Exercise aim: Retype all of the data shown below, keeping every character the same.

Recorded data:
BEGIN

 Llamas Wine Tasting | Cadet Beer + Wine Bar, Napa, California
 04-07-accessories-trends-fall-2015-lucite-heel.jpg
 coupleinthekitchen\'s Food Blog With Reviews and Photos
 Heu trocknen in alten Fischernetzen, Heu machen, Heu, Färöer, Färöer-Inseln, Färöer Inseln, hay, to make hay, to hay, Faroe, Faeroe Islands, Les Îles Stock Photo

END

Result of this exercise:
 Llamas Wine Tasting | Cadet Beer + Wine Bar, Napa, California
 04-07-accessories-trends-fall-2015-lucite-heel.jpg
 coupleinthekitchen\'s Food Blog With Reviews and Photos
 Heu trocknen in alten Fischernetzen, Heu machen, Heu, Färöer, Färöer-Inseln, Färöer Inseln, hay, to make hay, to hay, Faroe, Faeroe Islands, Les Îles Stock Photo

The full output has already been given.